If you're curious about Korean comics, or manhwa, apart from the few that Tokyopop have translated, and you live in (or plan to visit) the Chicago area, you're in luck. At 4336 1/2 W. Lawrence Ave., Chicago, there's a store called Korean Books (that's the name given in the yellow pages, though the sign says "Korean Book.Comics"). It's a small shop, but it's loaded with paperback collections of Korean-language comics, both manhwa and translated manga. Unfortunately, most of the volumes can't be bought individually, but only as part of a complete series. And since the average series seems to have ten or more volumes, this discourages exploration. Also, the books don't have written prices: you bring what you want to the man at the counter, and he tells you what it costs. (The two books I brought up were nine and ten dollars respectively, though I have no idea whether those prices are typical.) On the plus side, the books aren't shrink-wrapped, so you can browse, even in the complete series. There's also a "Korean Books" at 5773 N. Lincoln, but I don't know whether this is a branch of the same store, or whether it carries comics.

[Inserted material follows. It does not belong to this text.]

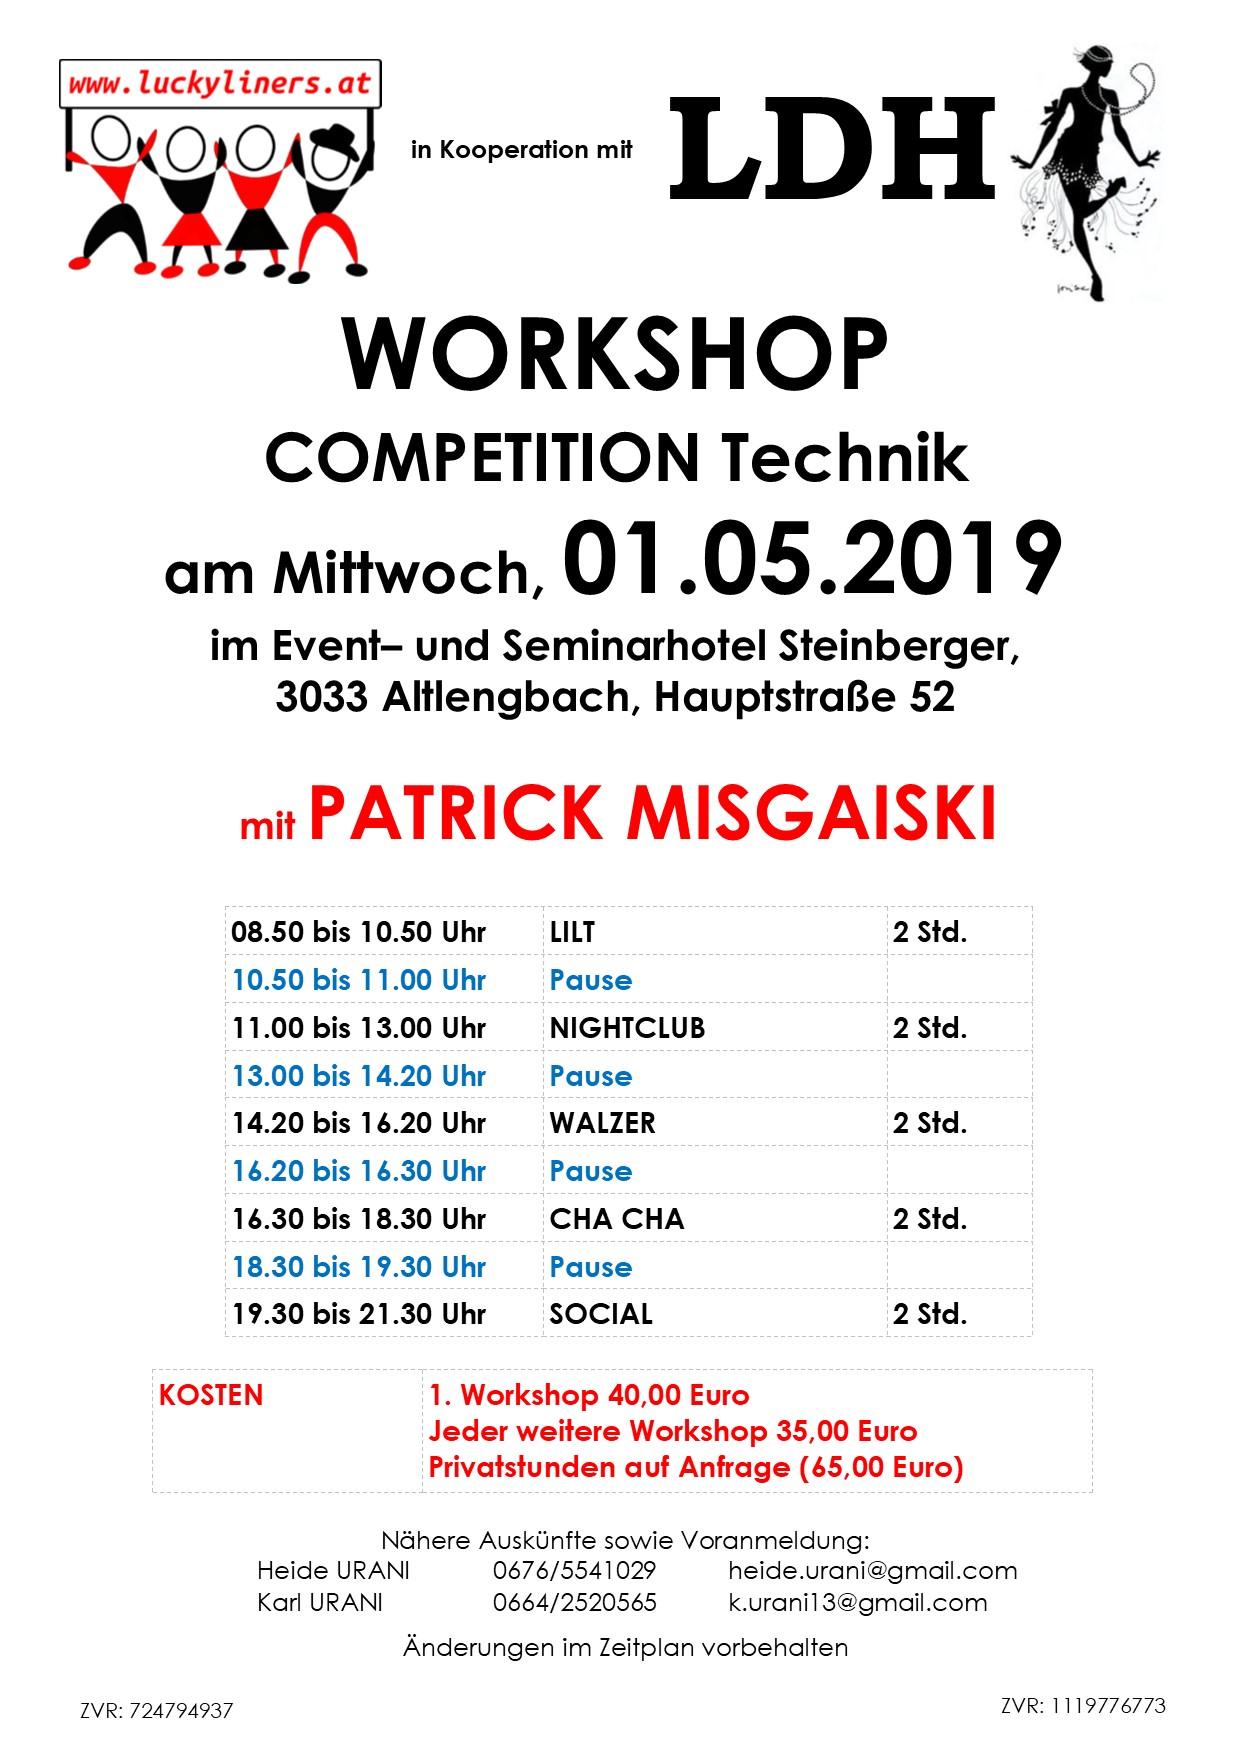 WS 01.05.2019 Misgaiski

To be honest, I didn't see anything in my browsing that would impel me to learn Korean. I did buy one volume of comics, Ero p'ok'osu (there should be diacritical marks over the last two vowels) by I Ro-ma (I hope that's the correct way to transcribe it). It's a collection of humorous short pieces, mainly revolving around sex. The style of cartooning reminds me a bit of Viz magazine (the British humor magazine, not to be confused with the manga publisher), and it looks like it might be pretty funny if I could read it.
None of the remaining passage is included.